Потом мотылёк перелетел с подоконника на кресло и сел на старую куклу Шурочки. Мы удивились, почему у куклы острижены волосы, и Шурочка сказала, что в детстве она думала, что у кукол волосы растут, как у людей. Она остригла куклу и ждала, что у неё снова вырастут волосы, но ничего не вышло, и тогда она перестала играть в куклы.
Мне захотелось поймать мотылька, но он слетел с кресла, и я его поймал уже в воздухе и второпях сжал его. Когда я разжал руку, то в моей ладони было раздавленное тело мотылька, и одно крыло было смято, а другое оторвалось и, тихо планируя, упало на стол, точно лепесток.
Я пошёл на кухню и долго мыл руку и потом долго вытирал её носовым платком, а когда я вернулся, то почувствовал, что всё переменилось, хотя я знал, что ничего особенного не произошло.
Лёнька продолжал что-то рассказывать, Шурочка его слушала, и всё было по-прежнему, но я чувствовал, что, пока меня не было, они стали чем-то ближе друг другу, и я понял, что пошатнулись какие-то весы и что первым грузом на чашу моих ошибок упали лёгкие крылья мотылька.
Лето продолжалось, дождей всё не было. С каждым днём сгущалась жара. Всё высыхало.
Кое-где у дорог трава начала желтеть, одуванчики преждевременно облысели, а белые чашечки водяных лилий на высыхающем болоте за полустанком покрылись бурыми пятнами.

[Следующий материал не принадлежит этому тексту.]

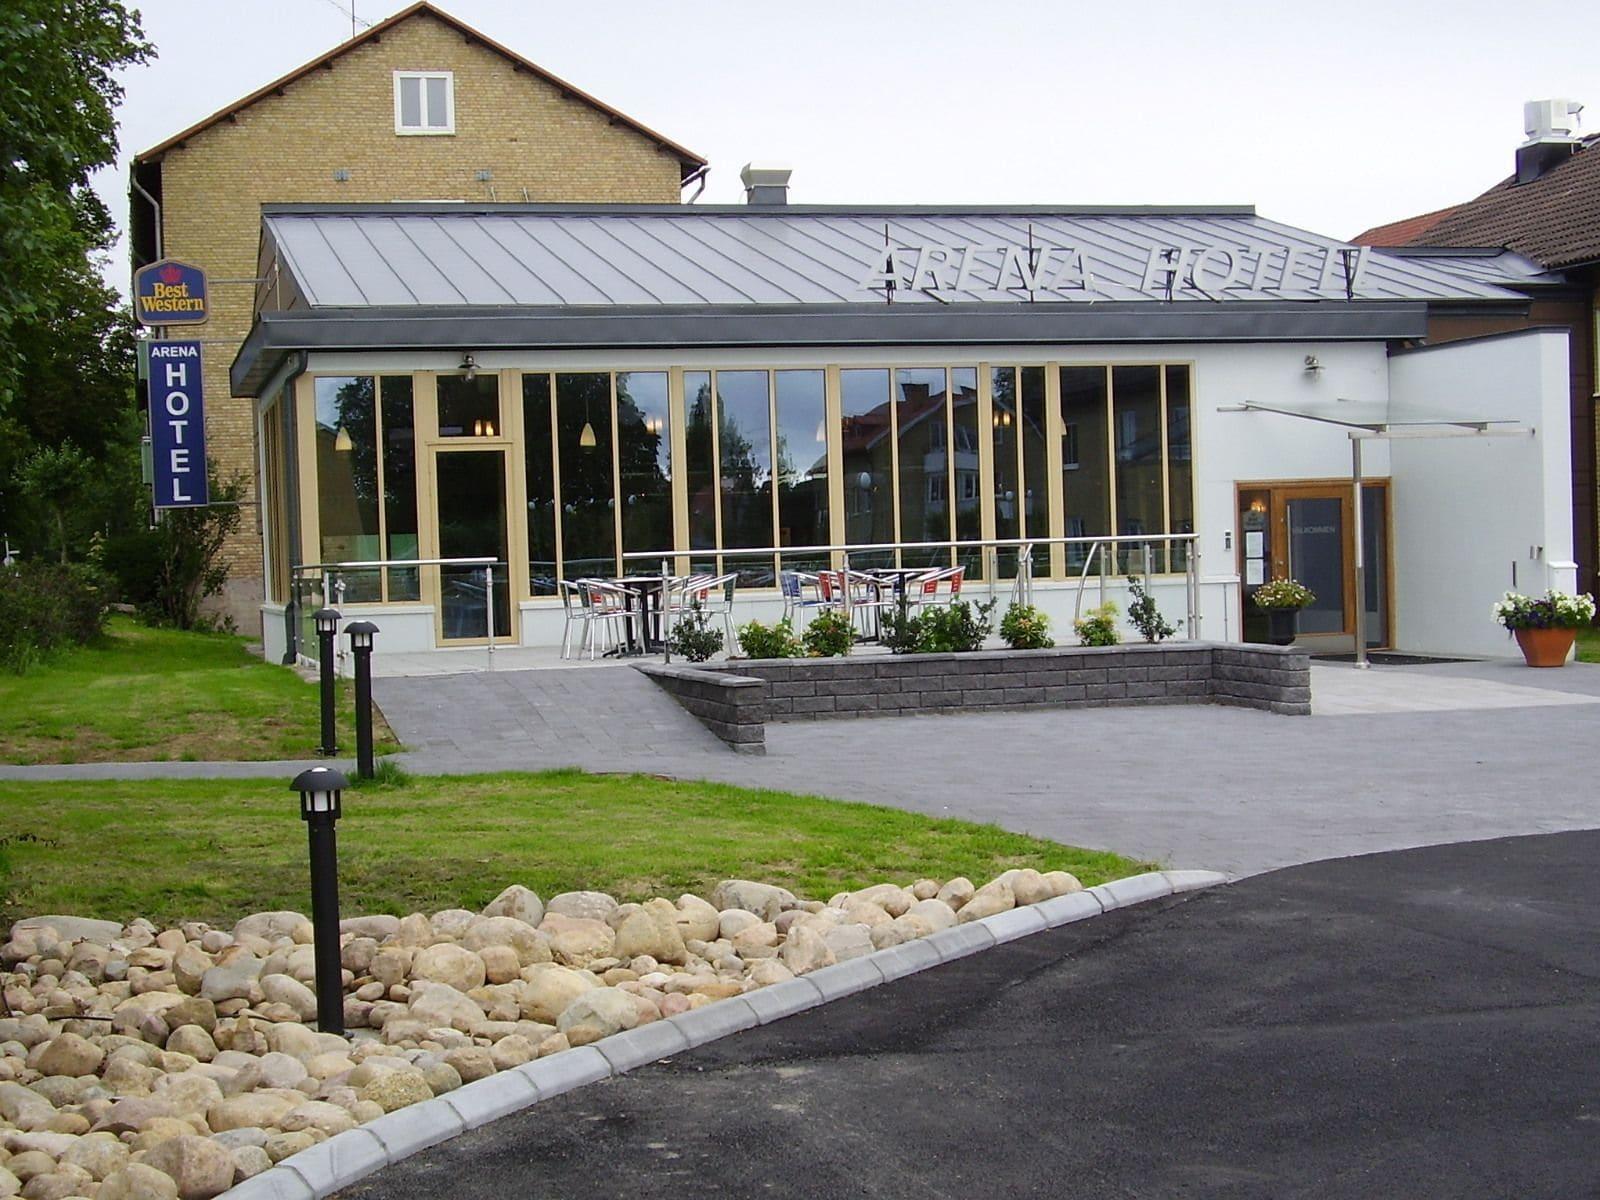 Best Western Arena Hotell, Vänersborg

Вода в пруду за конским кладбищем испортилась, и все караси подохли. Листья на деревьях стали ломкими и свёртывались в трубочки. Где-то близко горели торфяные болота, горький дым висел над полями, и не было ветра, чтобы разогнать его.
Небо было безоблачное, но мутное, и солнце не выделялось на нём, солнце было расплющено, как золотая фольга, оно заняло всё небо, и всё небо светилось мутным светом.
Когда Шурочка выздоровела, всё потекло по-прежнему, но на карьер мы ходили уже реже, в такую жару ничего не хотелось делать.
Колодец у нашего дома высох, и теперь приходилось ходить за водой к другому колодцу, за три дома от нас. Мы с Лёнькой установили дежурство и ходили по очереди, и Лёнька говорил, что это ему напоминает жизнь в детском доме, но здесь уже отлынивать не приходилось.
С утра до вечера нам хотелось пить, и было хорошо подойти с большой белой эмалированной кружкой к кадке, зачерпнуть воды и пить её медленными глотками. Вода в этой местности была желтоватой, должно быть от примеси железа, и на белом фоне кружки было видно, как вода убавляется с каждым глотком, и уже это утоляло жажду.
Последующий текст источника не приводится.